Jerri Cook-Barton is a multi-layered woman who dances with a multi-layered art. She specializes in painted porcelain portraits, an ancient, graceful and most rarified pursuit.




"It's really a dying art," said Cook-Barton, who has attained her mastery of the trade through 22 years of apprenticeship with her mentor, Jane Marcks, and has now taken an apprentice herself.




One intricacy which separates porcelain painting, in addition to the artist firing her own pieces, is the layering required to perfect the work. In order to get an image to hold on such a surface, Cook-Barton must work in degrees. She starts an image with basic shading. Then She must refire the piece. Then she adds, she refires, she adds, she refires and ultimately she fashions one-of-kind masterworks reminiscent of a time and discipline most rare in today's immediate sensibilities.




"That's probably why we don't see a lot of young people doing this," said Cook-Barton. "They want to paint and have it done in a day. That doesn't happen with this. They have to see it evolve, day after day; it all unfolds that way."




"This art form is very meditative. You must be so slow to do to it," said Cook-Barton. "It's actually a very private thing, in which your inspiration needs ultimate concentration. Once it's fired, it's not a forgiving medium- it's in there."




But for Cook-Barton, the forgiveness is in the finished product. "It's a great job, really wonderful," said Cook-Barton. "I'm in the studio eight hours or more every day, I'm very disciplined that way. You can tell I have a very patient husband because at times he doesn't get to see much of me."




To understand Cook-Barton's passion for an art some may perceive as archaic, one must see Cook-Barton as she is; an elegant woman whose charm lies in her dedication and snes of values.
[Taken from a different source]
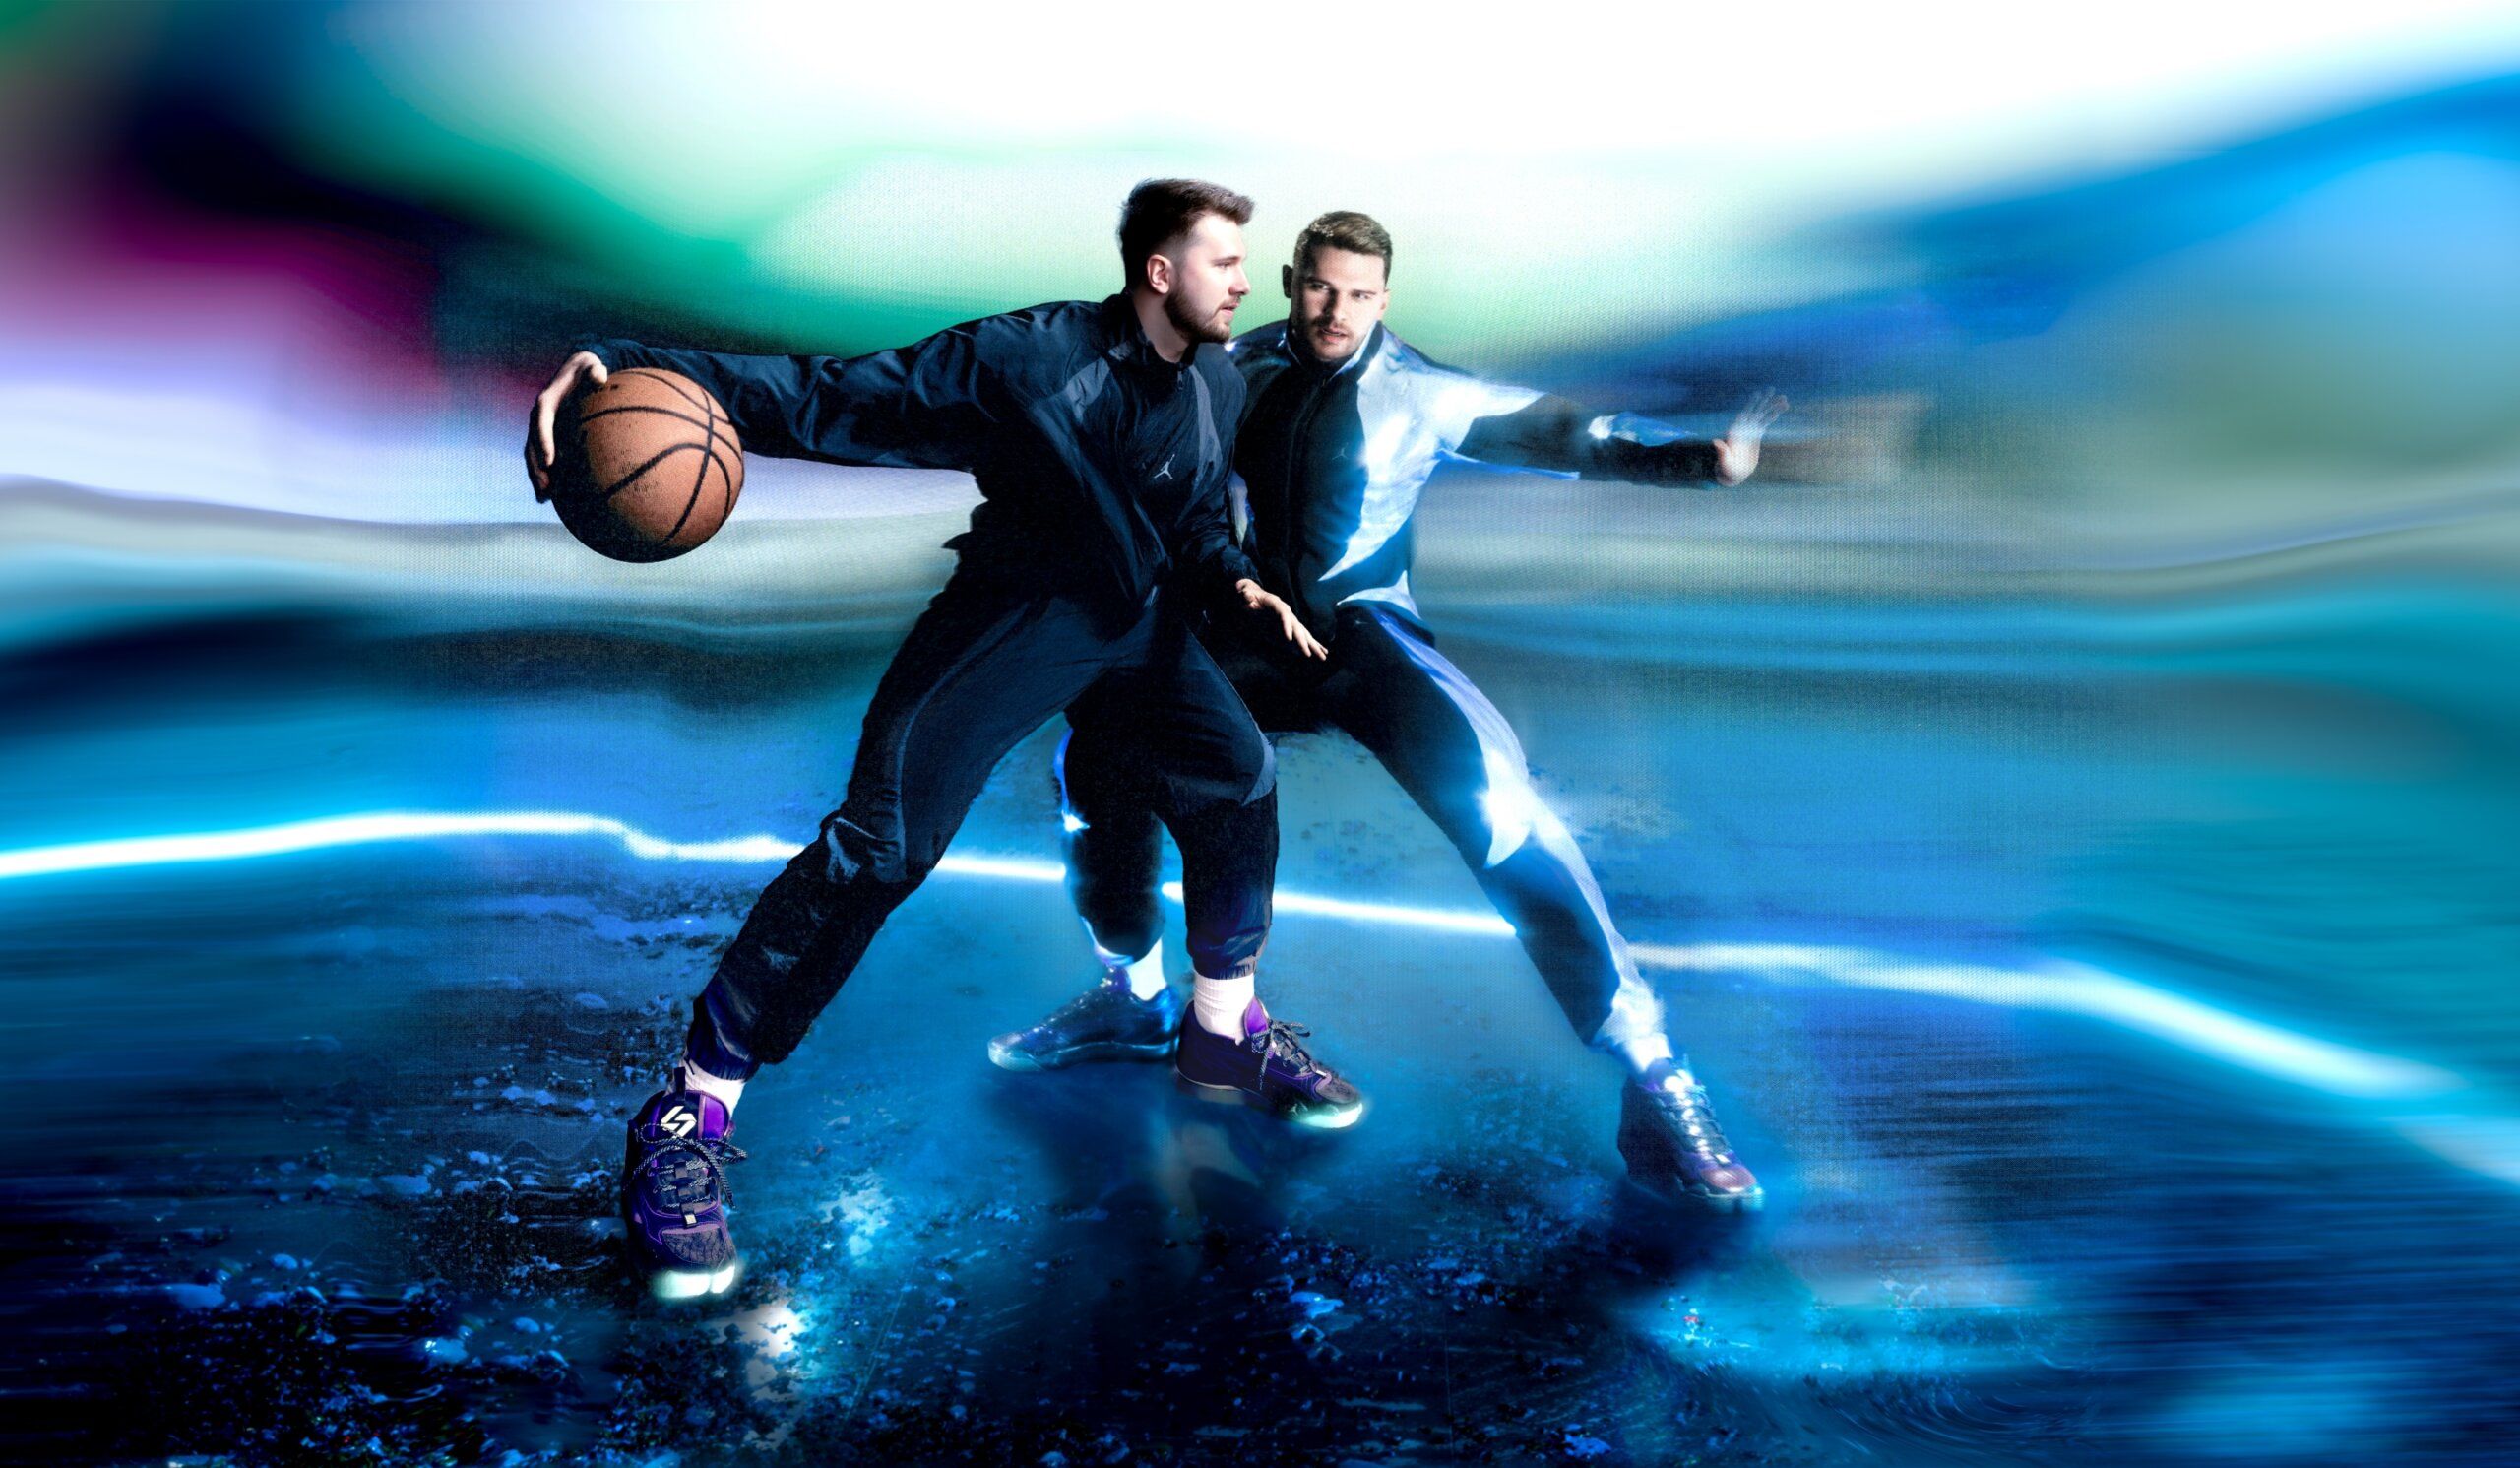 Luka playing Luka one on one basketball. Background is highly stylized computer glowing look.
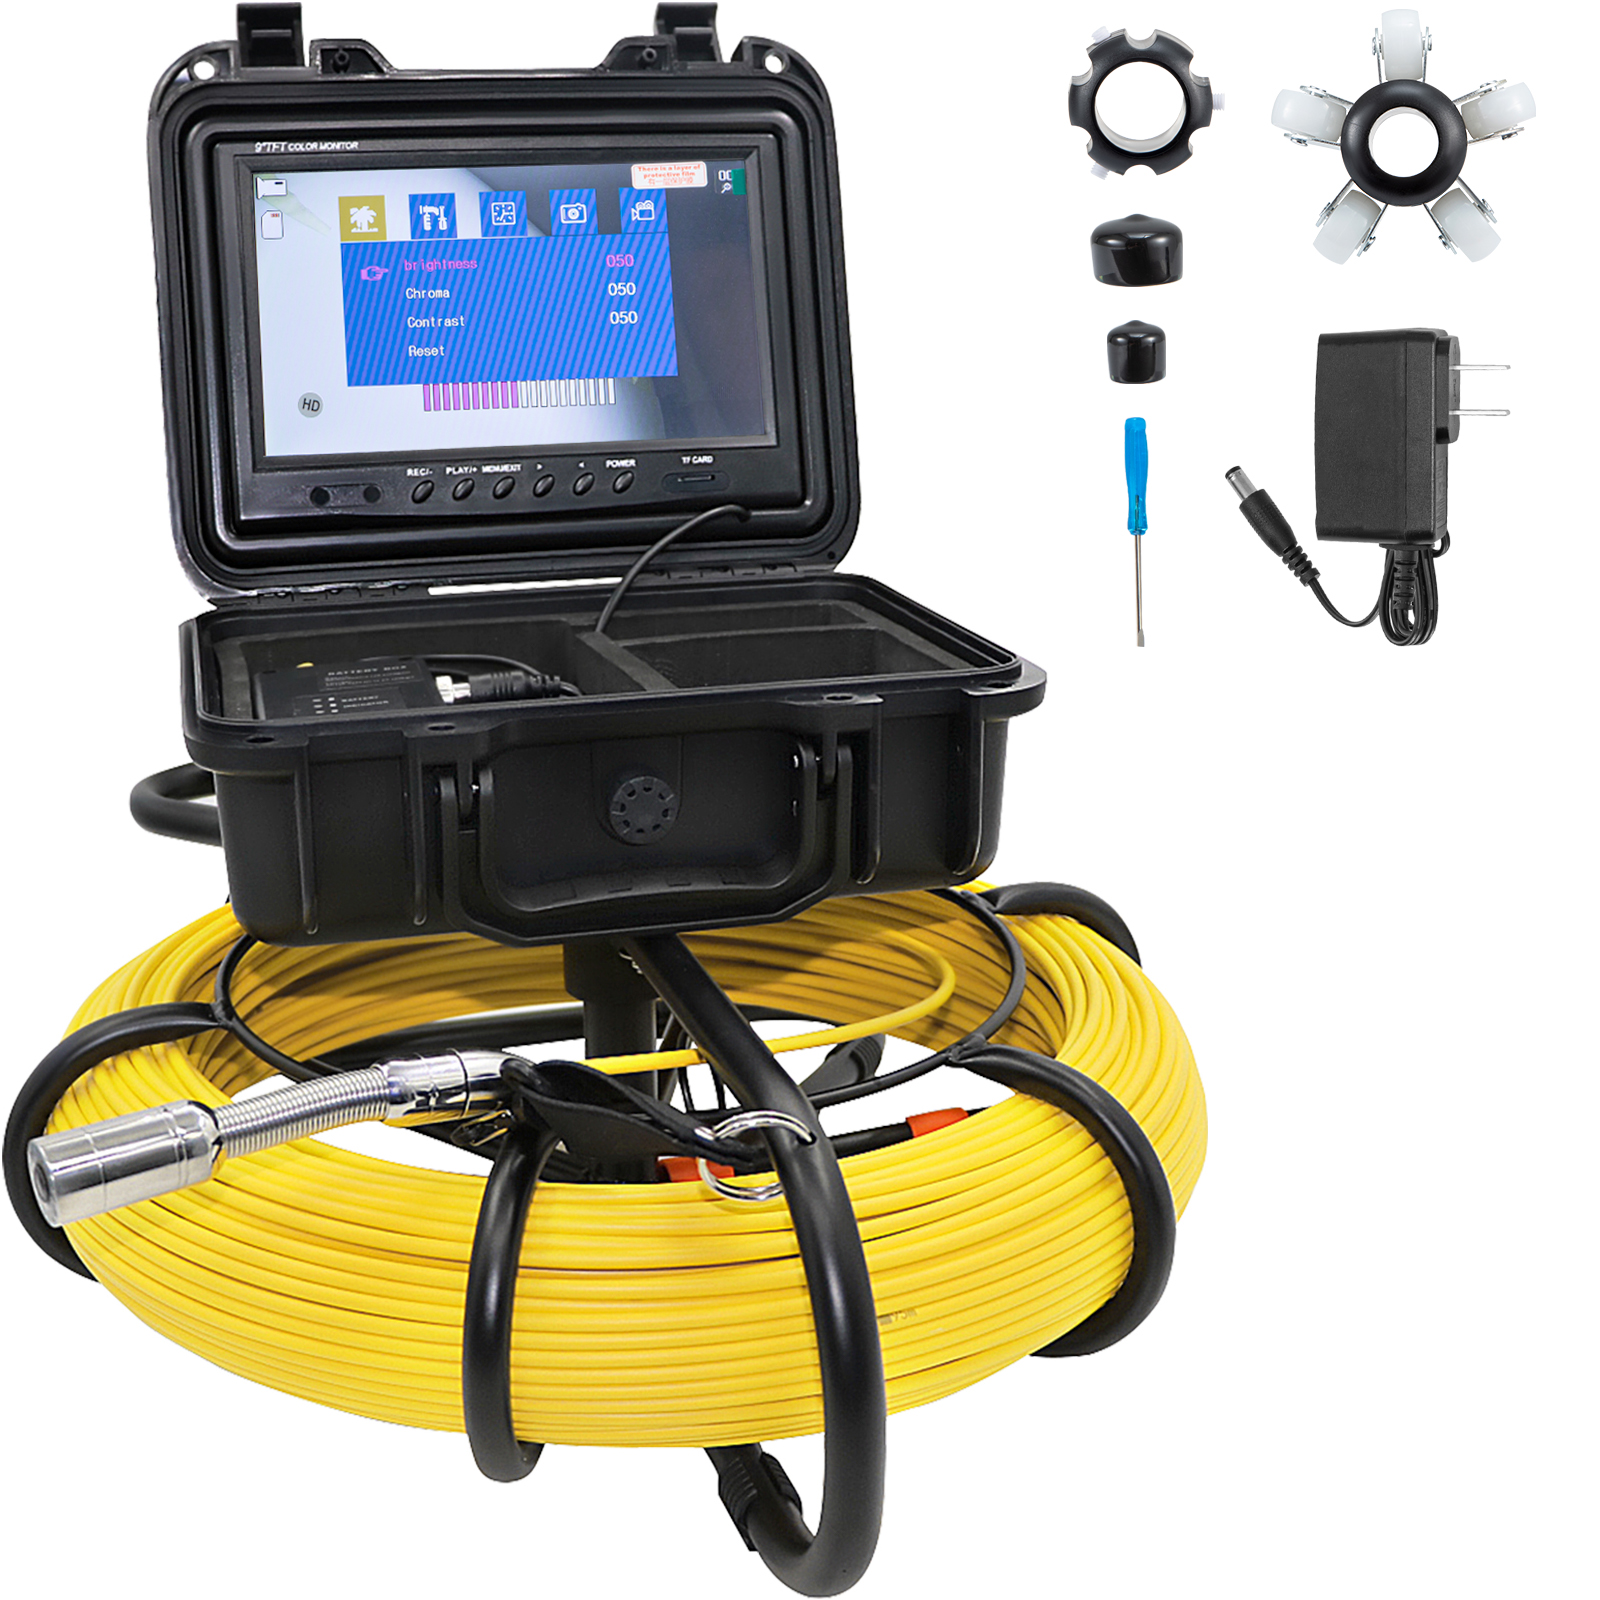 20M/30M/40M/50M Pipe Inspection Camera IP68 Drain Sewer Pipeline Industrial  Endoscope With DVR Recording Function 9 Monitor - AliExpress

Raised in California, she grew up on the same street as her husband. Now all of her children, and grandchild, live in Oregon and maintain a closeness rare today. The sensibilities of these values translate well into her art, which is often inspired by old sepia photographs and people watching.




"I think that it really surprises people, that this work is still being done," said Cook-Barton. But it is certainly an art form she wishes to preserve. For years, Cook-Barton has taught classes on the art form, hoping to inspire people to continue the tradition. She has taught in several different states across the US, though she has maintained residency in Ashland for over 30 years now, and has traveled the world. In a few weeks, she and her husband leave for Switzerland to teach a week long course and try to sell a few pieces along the way. When she returns, Cook-Barton will be showing her work at La Soffita here in the Valley.




In addition to her travels, Cook-Barton loves teaching private classes right here in the Rogue Valley, where she hopes this art will continue to find roots.




"A lot of people are interested in looking at or touching this art, but don't want to learn how to do it," said Cook-Barton. "On the other hand, I had two young ladies come by the studio the other day who are now signed up for classes. I hope that this article encourages more people to learn about this art. You don't have to be great artists to start- I can draw that out of you."